Work item ▸ Where an image appears, leave it out; otherwise repeat the data exactly.

Supplied material ▸
-------------------------
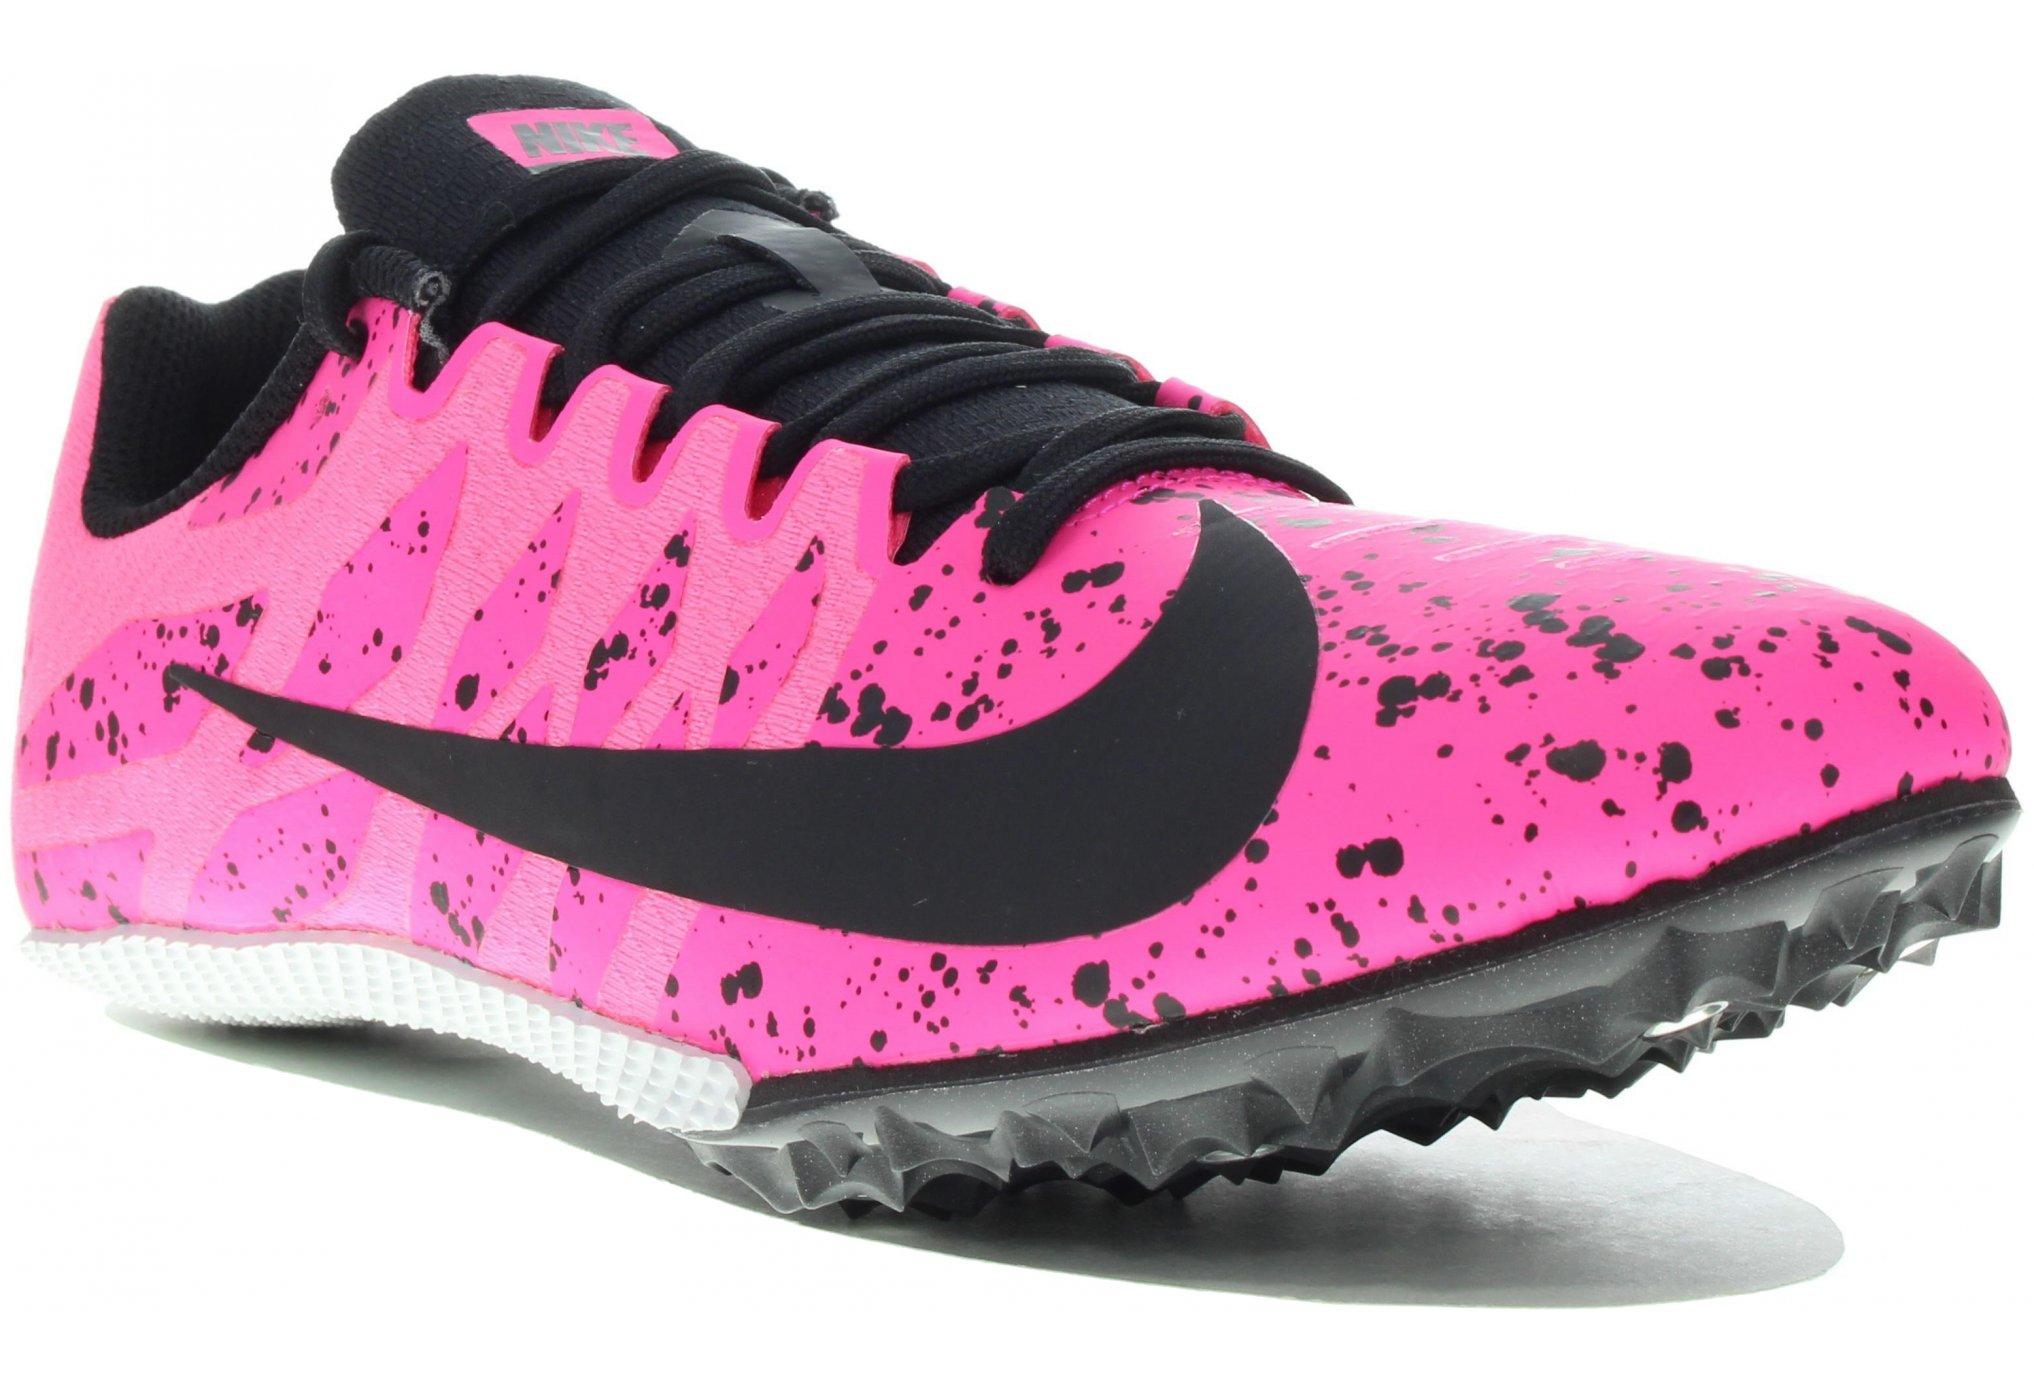 Nike Zoom Rival S 9 M Diététique Chaussures homme
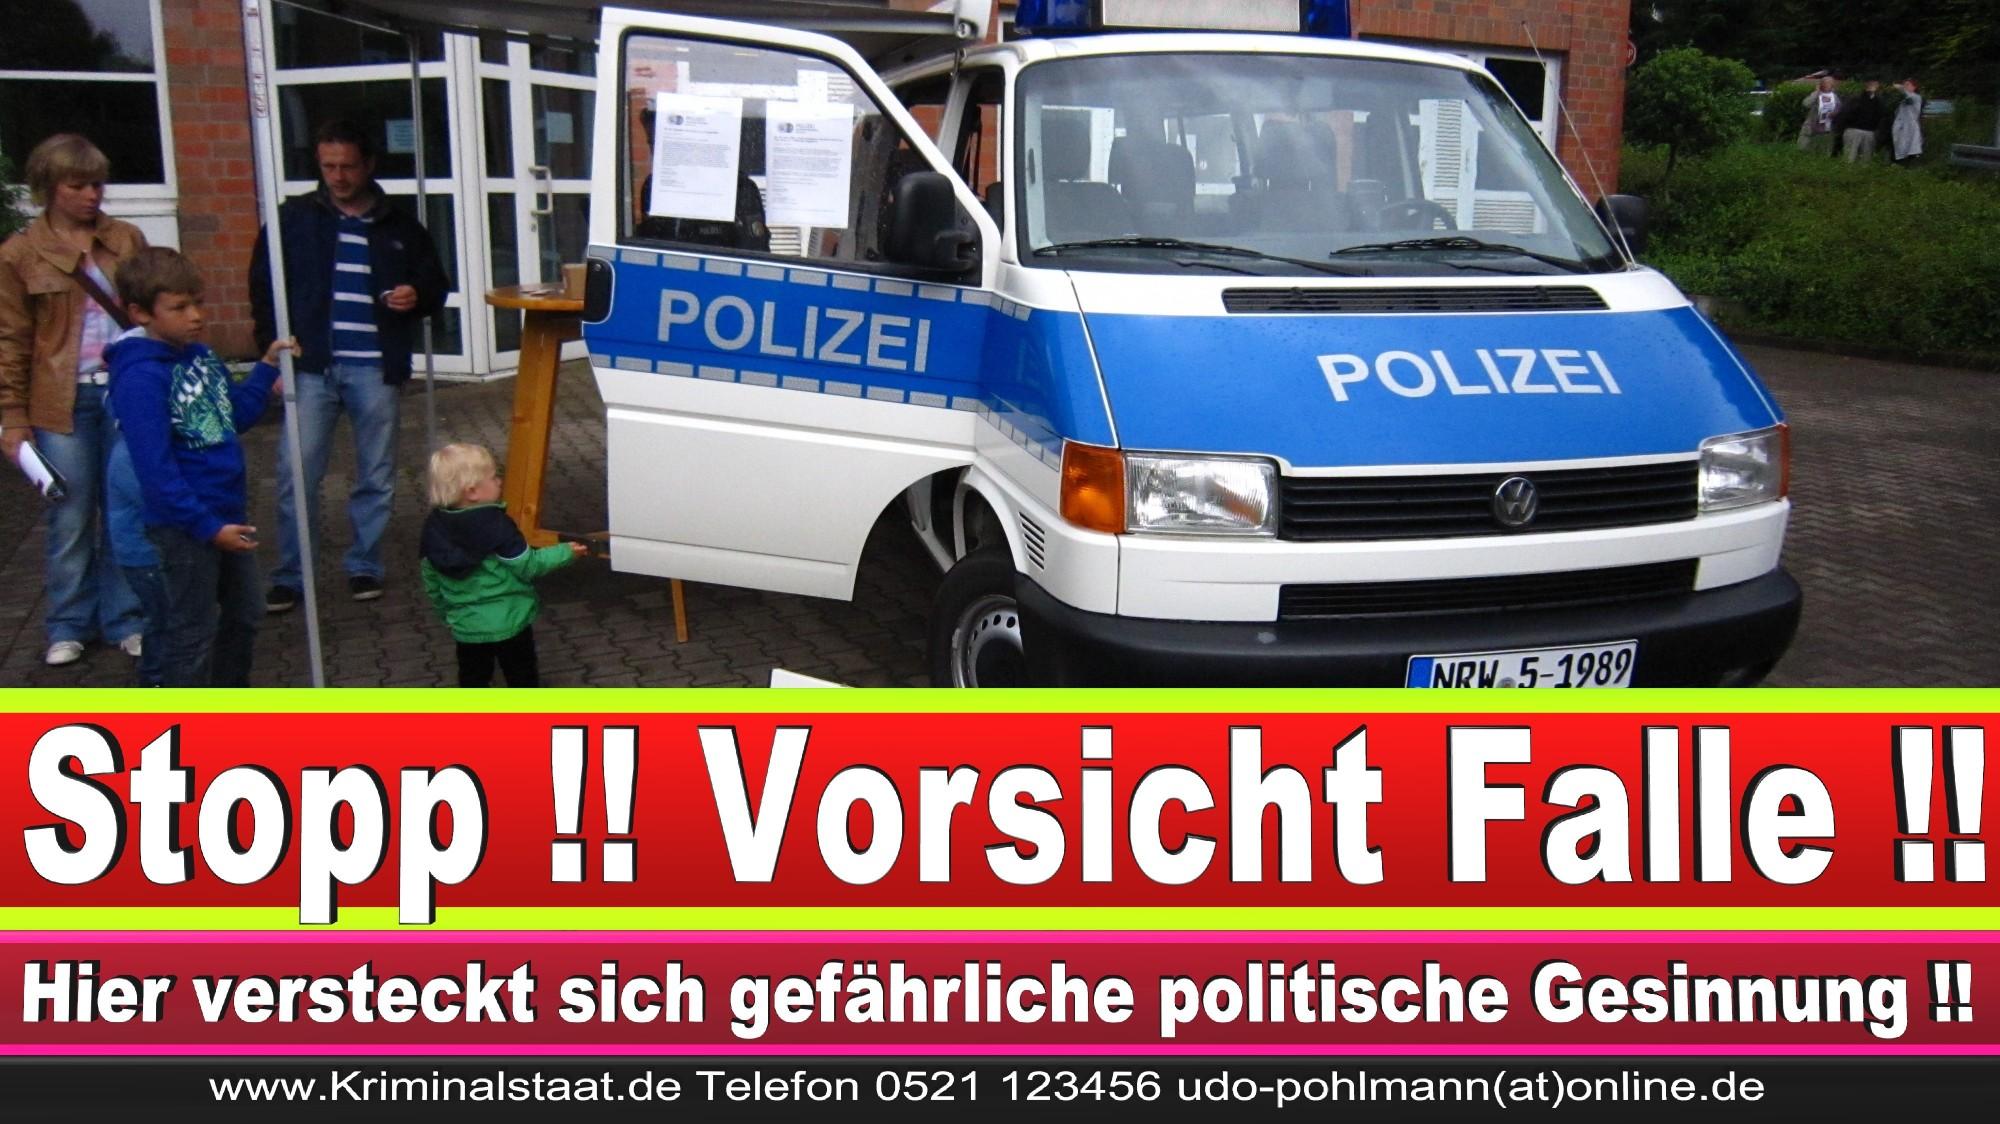 Polizeipräsidentin Katharina Giere Polizei Bielefeld NRW Erwin Südfeld Horst Kruse Polizeiuniform Polizeigewalt DEMONSTRATION Bahnhof (12) 1
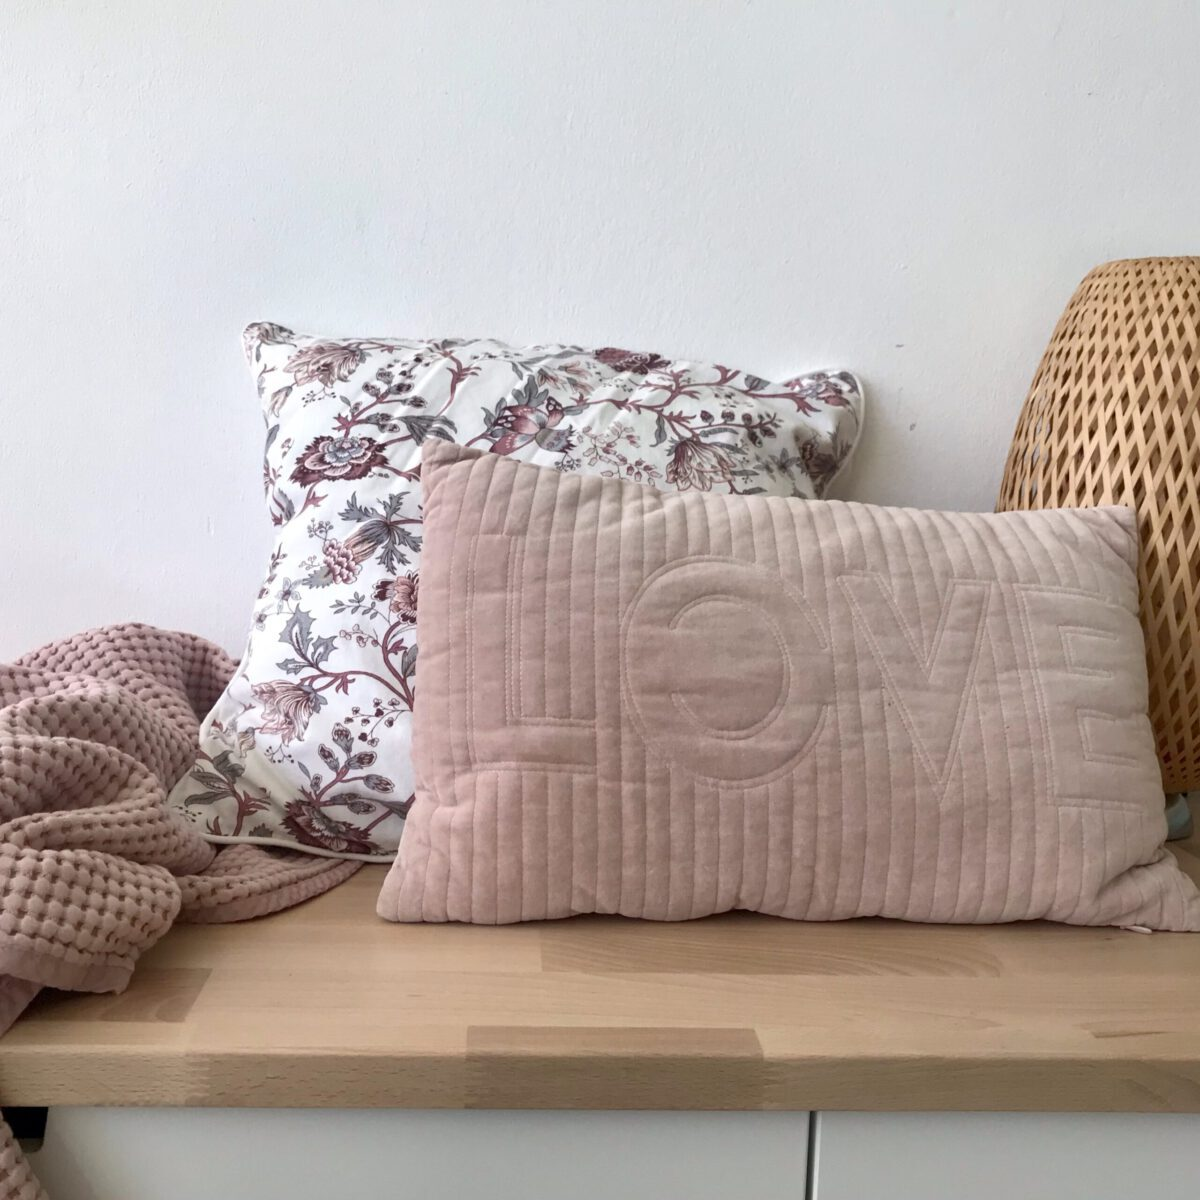 Zwei Kissen auf einem niedrigen Schrank, der mit einer Holzplatte als Bank genutzt werden kann.
-------------------------
Expected answer ▸
 Nike Zoom Rival S 9 M Diététique Chaussures homme
 Polizeipräsidentin Katharina Giere Polizei Bielefeld NRW Erwin Südfeld Horst Kruse Polizeiuniform Polizeigewalt DEMONSTRATION Bahnhof (12) 1
 Zwei Kissen auf einem niedrigen Schrank, der mit einer Holzplatte als Bank genutzt werden kann.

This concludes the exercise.